Few things smell worse to me than the stank of a cigarette while trying to trying to load up on cholesterol via awesome blossom.  Perhaps one such thing is the beguiling tale of what perverse fate has befallen the gobs of cash money rewarded to state governments from Big Tobacco.  

This seemingly righteous pursuit was fought by brave attorneys general of 46 various states to regain money we dished out to pay the costs of Medicaid patients who, due to tobacco use, found themselves in various states of wheeziness and/or infarction.  So naturally you’re asking “why then did these same states more recently try to help Big T in getting a recent settlement against it reduced?”  Good question.  Read on. . .

Continue reading “The Squandering of Tobacco Settlement Billions”

Update: Lunch money Pharma spends on physicians

This post at KevinMD has blown up and is generating significant interest.

Since writing it I was contacted by CNN, they talked about wanting to do a series on America’s addiction to medications and what sounded to me like the various excesses of drug companies to try to get people to take those medications. They wanted me to comment on the various excesses of Pharma from a physician’s perspective. They were interested in hearing about all the things the drug companies give us, specifically,  free stuff, give-aways, trips,  golf outings. . . you get the point.
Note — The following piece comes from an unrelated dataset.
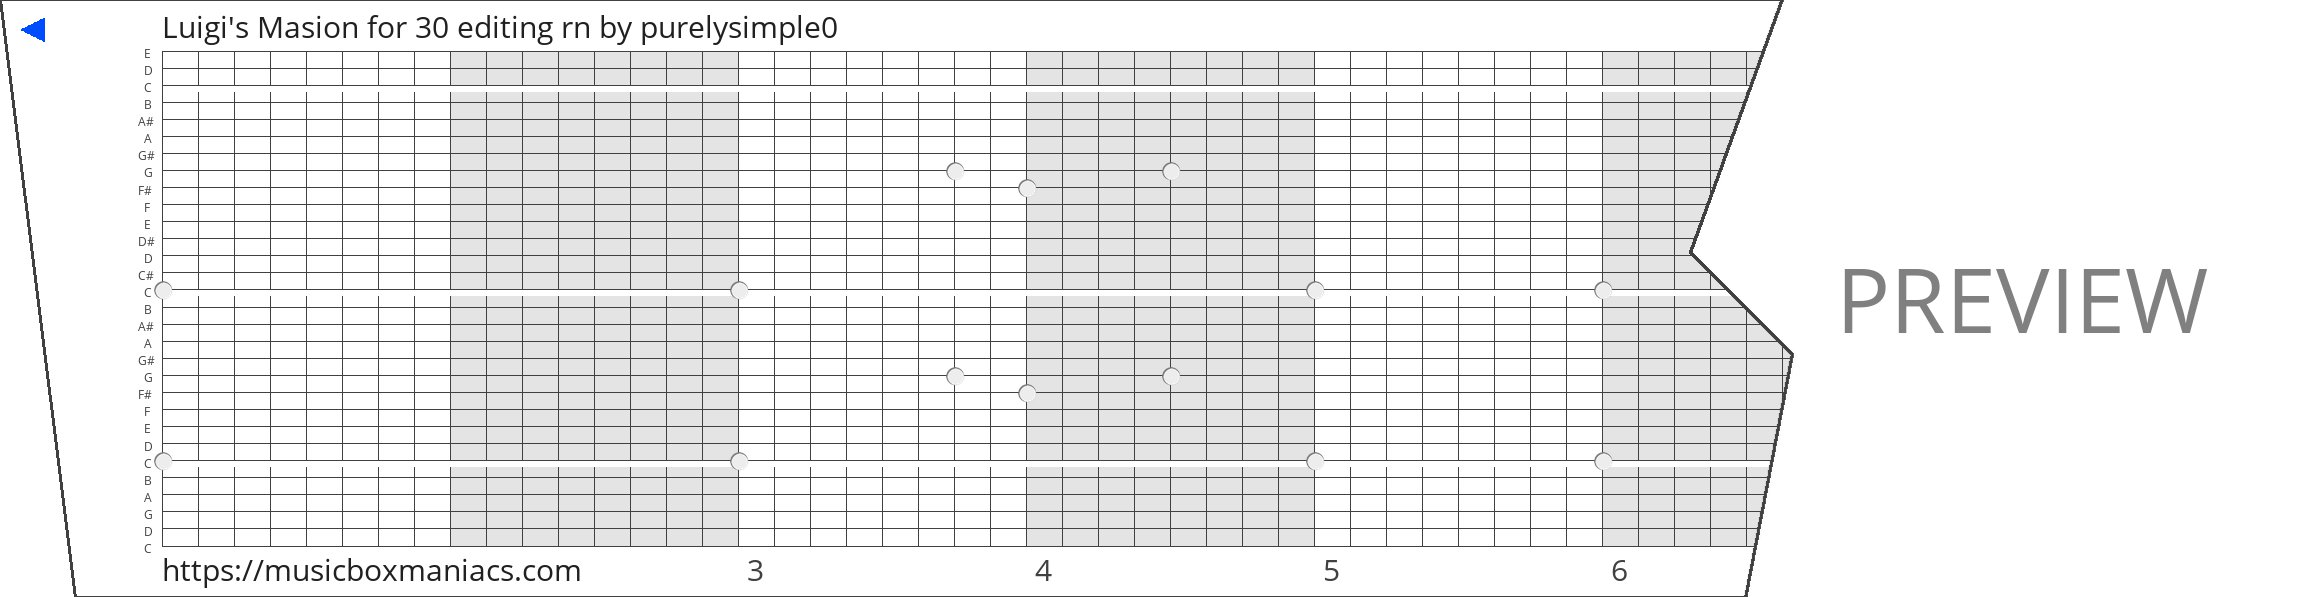 Luigi's Masion for 30 editing rn 30 note music box paper strip

I explained that I had no experience with such things, nor did I know of anybody who had, and probably was not the right person to talk to.  
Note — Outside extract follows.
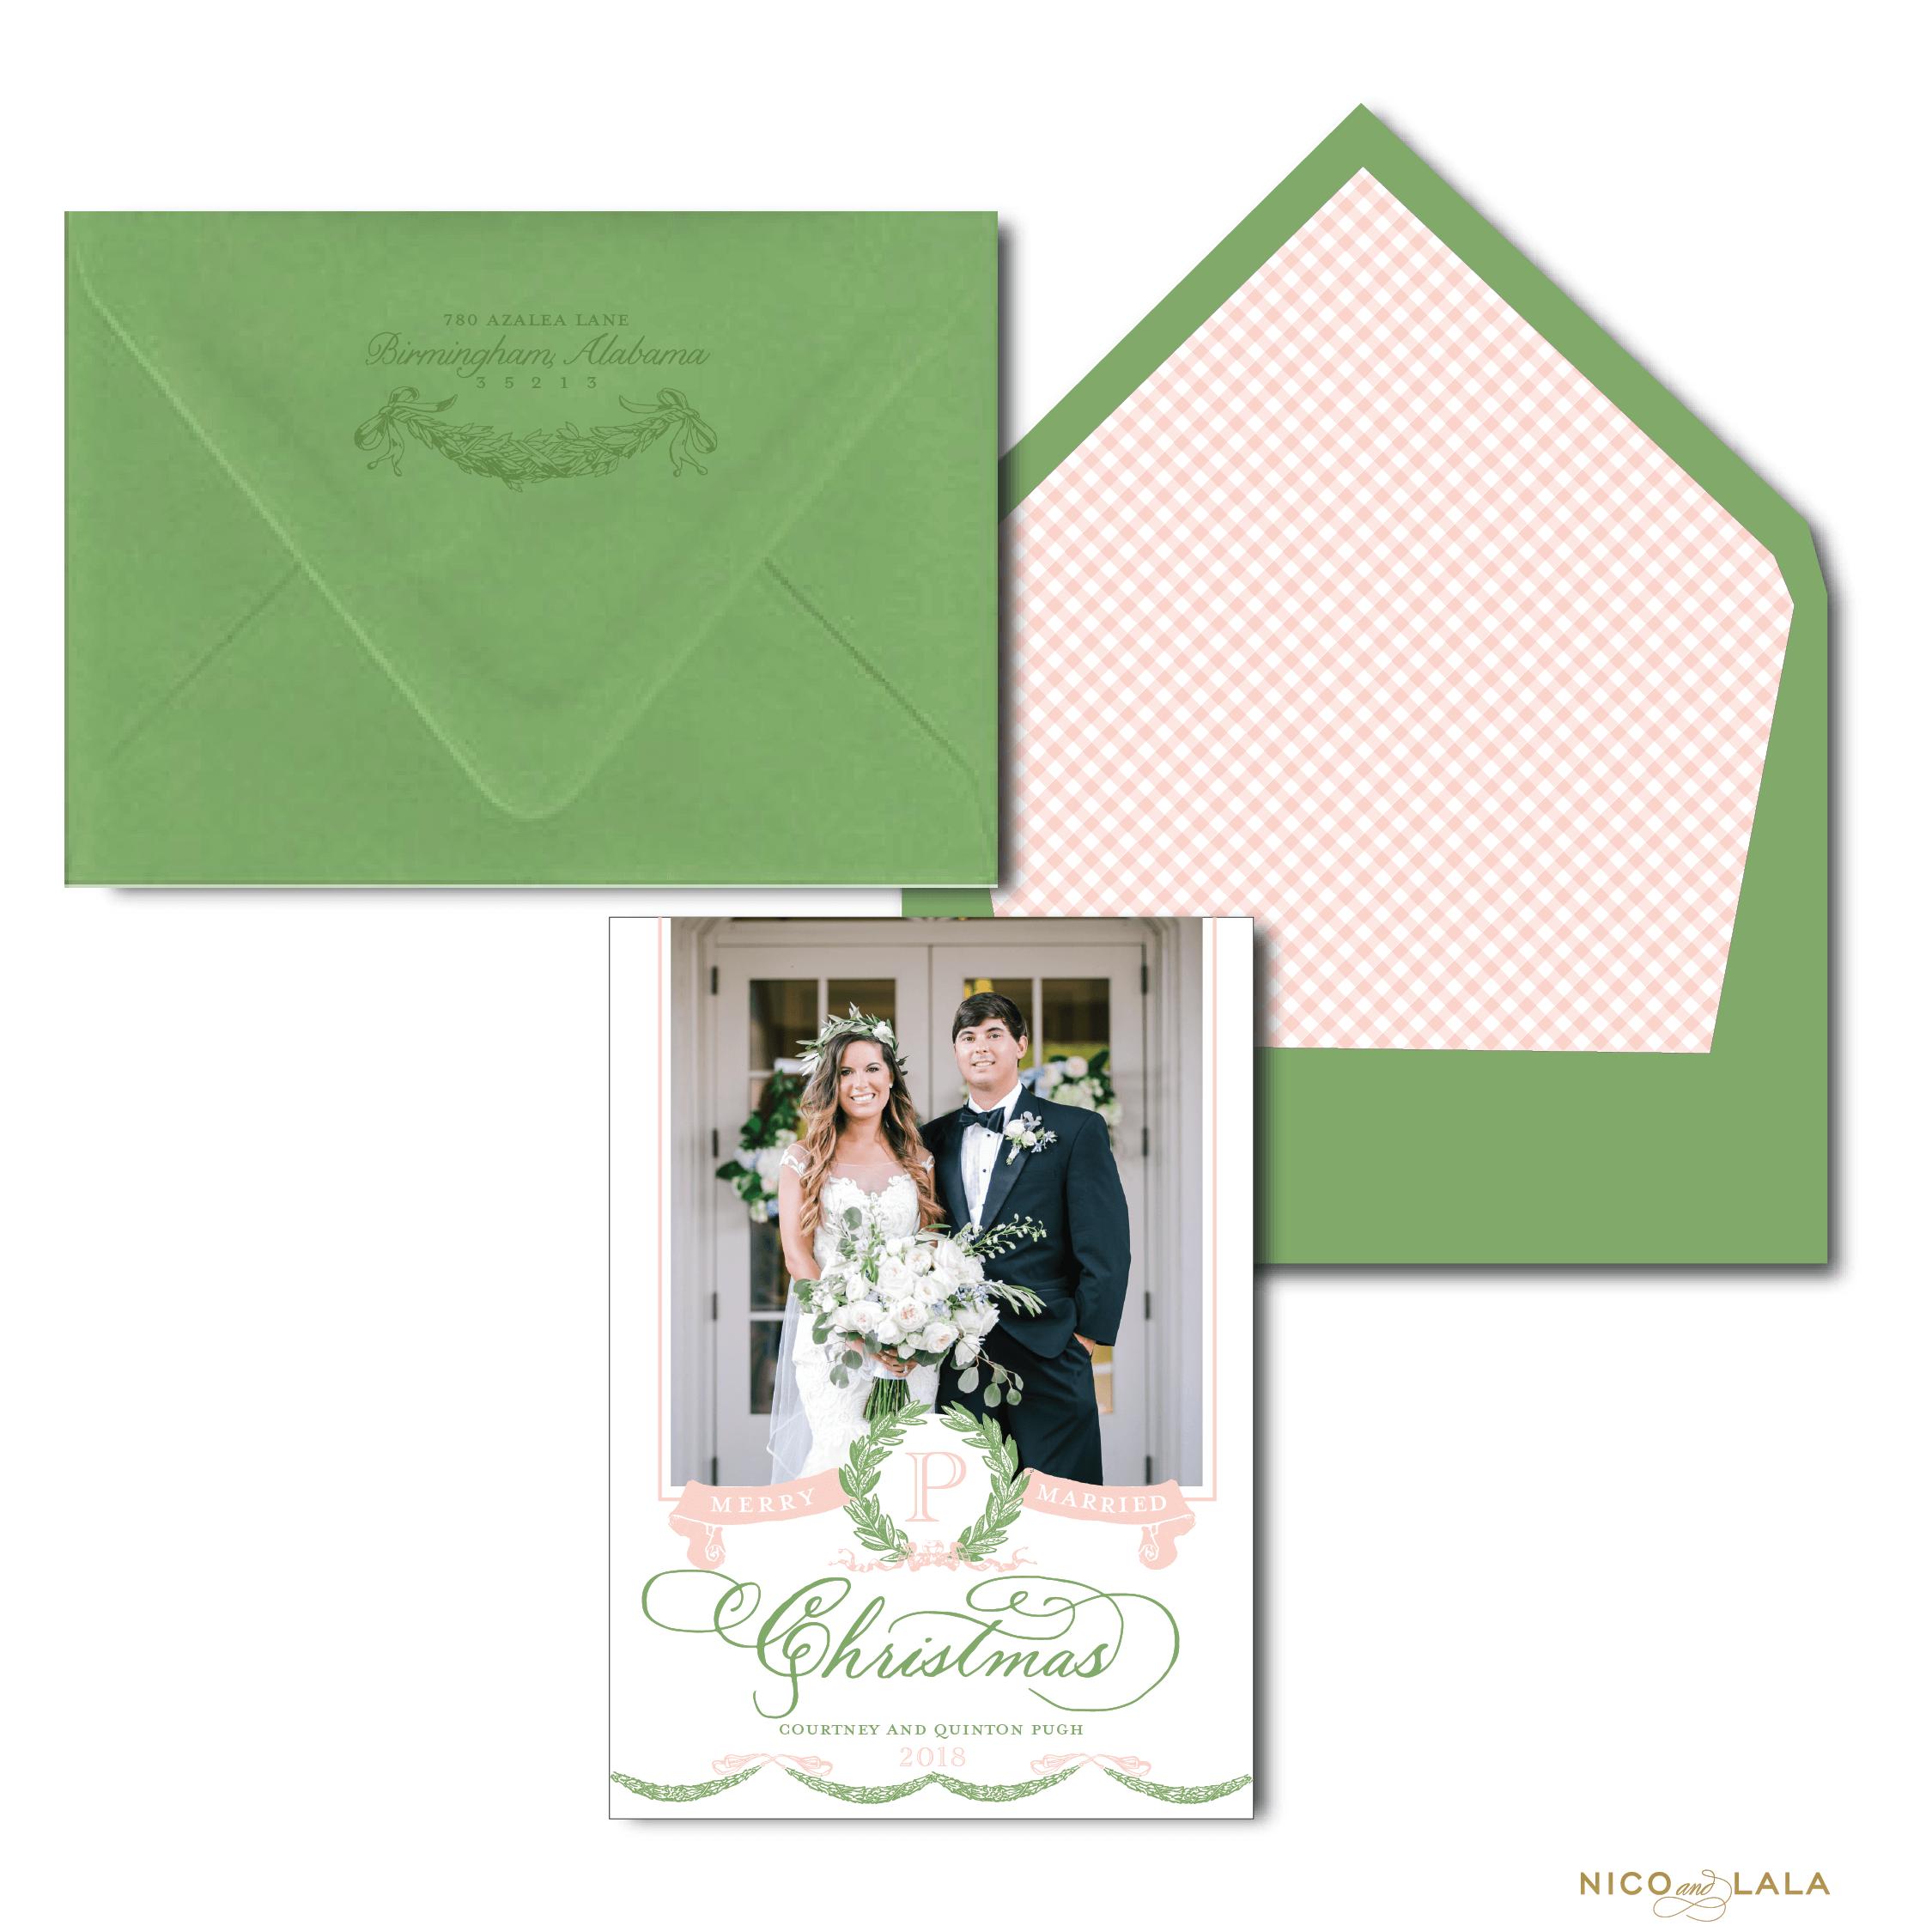 Merry Married Christmas Card ⋆ Nico and Lala

I feel like in this discussion, we private practice physicians are guppies in a big ocean. The occasional office lunch amounts to essentially (excuse the pun) small potatoes compared to the influence that pharma has had on the opinion makers, and subsequently, in the drafting of practice guidelines (such as recent lipid guidelines or the use of activated protein C in sepsis). In this, the influence is insidious; it exists largely in rooms that are closed to the rest of us. The influence is not nearly as extroverted and obvious as CNN (and the rest of us) would like to see.  However, I agree with many of you that having drug reps bringing lunch into the office at the very least gives the impression of influence, and may not be a practice that we as physicians can defend much longer.  In retrospect, I wished I had agreed to the interview with CNN, only for the sweet irony of my interview being followed by a commercial featuring two elderly people sitting in bathtubs on top of a hill.  .  .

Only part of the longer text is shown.